Explain The Effect of Takeovers in Light of Company’s Synergy

It has been frequently argued that in certain circumstances a complex business is worth more than the sum of its parts, in other words, two plus two can equal more than four. The thrust of this argument is that by putting organisations together the performance of the components can be enhanced and their potential increased by feeding off each other's strengths.
Examples might be a company with a good product range combining with a company with strong marketing and distributing capability or a research-oriented company combining with a traditional manufacturer. Size alone can confer benefits, for example when negotiating with suppliers, customers and financiers.
In practice it has been difficult to demonstrate that these theoretical advantages have been realized. It is fairly easy to show that costs have been reduced following a horizontal merger. Benefits from synergy tend to be less tangible and more difficult to quantify particularly when accounting systems may not have been designed to capture the relevant information. Despite this, synergy remains one of the most important theoretical bases used to justify mergers and acquisitions because it opens up the prospect of benefits to the economy as a whole. Synergy is therefore an important counter to arguments in favor of restraints on merger activity.
Exam question:

How Does a Takeover Affect the Security of Supply and Sales?

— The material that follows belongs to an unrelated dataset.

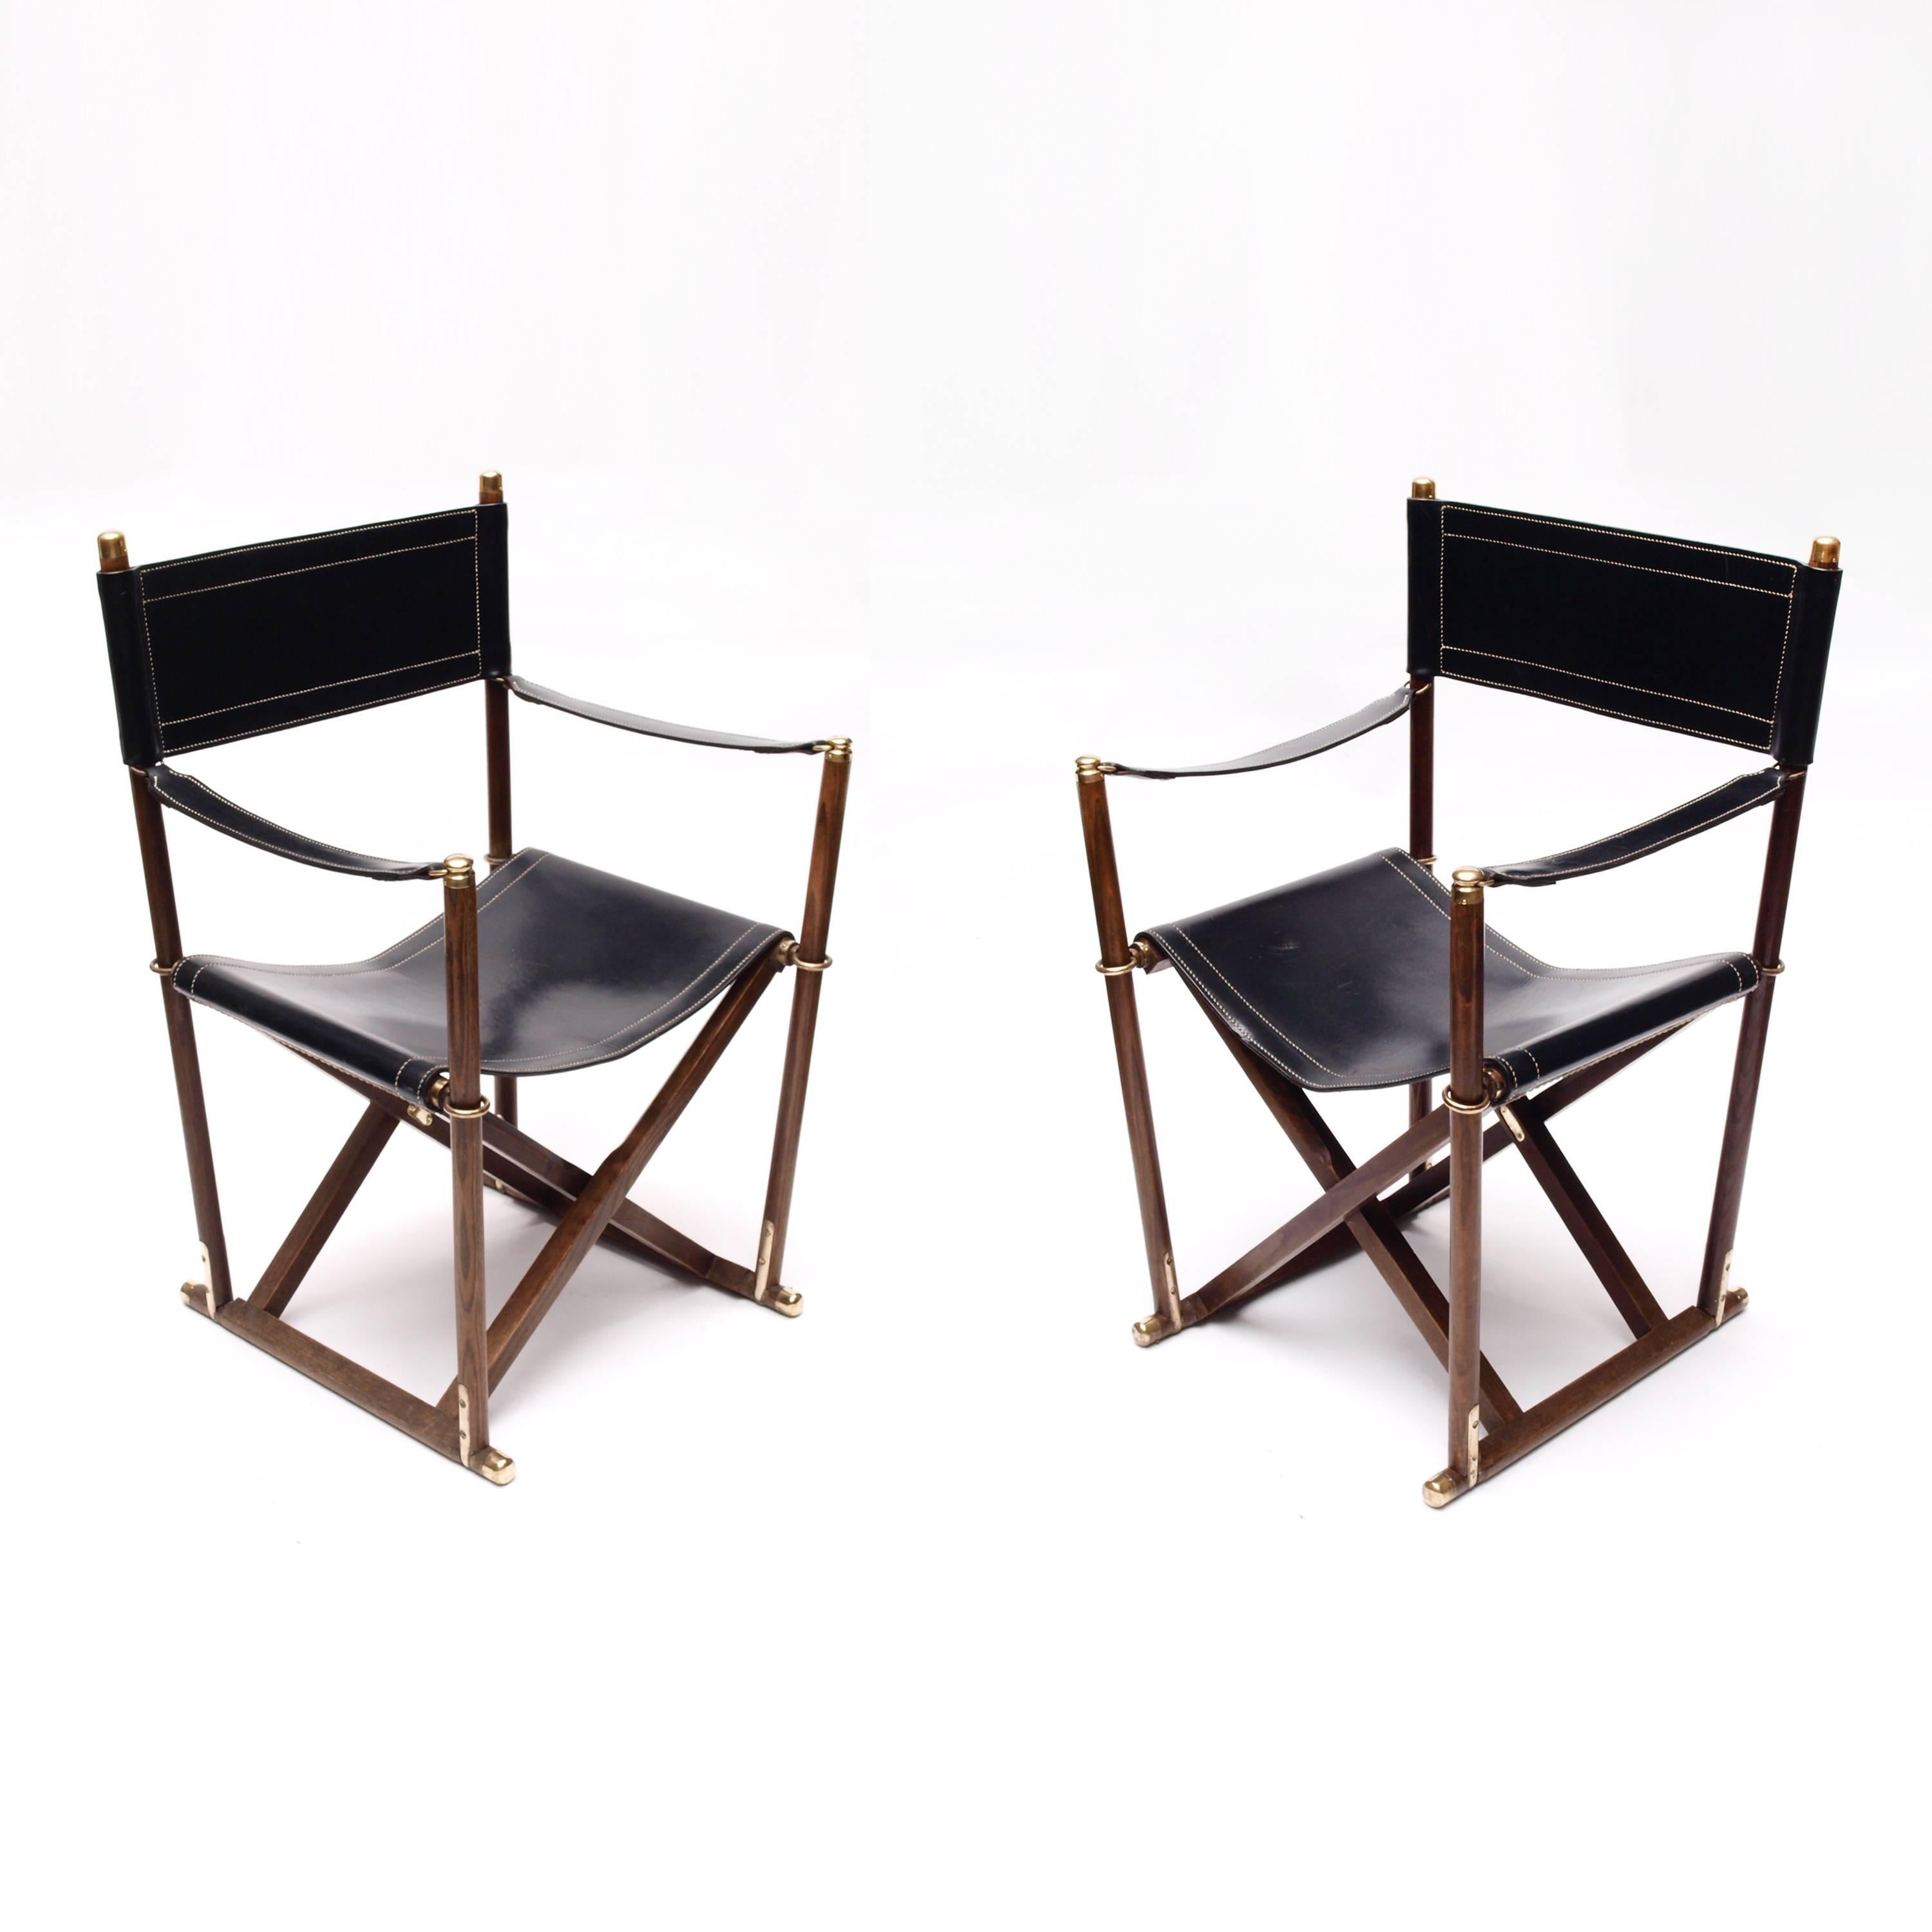 An important pair of handmade Mogens Koch folding Campaign chairs. Originally designed in 1932 as temporary church seating, this pair of scarce and historically important chairs date from the 1930s, and were only available as made-to-order at this

Critical business relationships exist with suppliers and customers. In some industries, for example and petroleum, the relationships are so close that it is difficult for the functions of supply, production and marketing to be conducted on a totally arm's length basis. There is therefore a tendency for these activities to be controlled inside one group. An industry where this type of merger has occurred is called 'vertically integrated. It should be said that what is presented as compelling business logic at one time seems later to owe much to herd instinct.
An increased availability of a previously scarce raw material, for example crude oil, decreases the importance of a guaranteed source of supply. Although vertical integration brings more aspects of the business under top management's control, it also complicates the allocation of profits and costs. The performance of executives in charge of a particular division cannot be properly evaluated and monitored if key variables are out of their hands. Initiative may be stifled as freedom of action of the various parts of the organisation are constrained by the interests of others.
Exam question:

Explain The Effect of Takeovers on A Company’s Diversification

Management may seek to reduce risks by acquiring a portfolio of assets or companies rather than being dependent on one product or industry. To combine in one group businesses which are not equally affected by prevailing economic factors and cycles should produce a more consistent overall performance than to be heavily dependent on one business. Complex analysis may seek to demonstrate this statistically, backing up the commonsense belief in not keeping 'all your eggs in one basket'.
Groups consisting of businesses which do not bear particularly close commercial relationships with each other are called conglomerates. It has proved difficult to demonstrate that conglomerates have achieved a superior performance through reduction of risk.
Their rise seems to have been partly a product of 'merger mania' and of the philosophy that a good manager can manage anything. However, the practical difficulties of controlling very diverse groups may have cancelled out the theoretical benefits of diversification. Conglomerates built up of disparate parts have at a later stage of their development tended to rationalise their activities. Management picks out certain core businesses, spinning off or disposing of 'non-core' companies.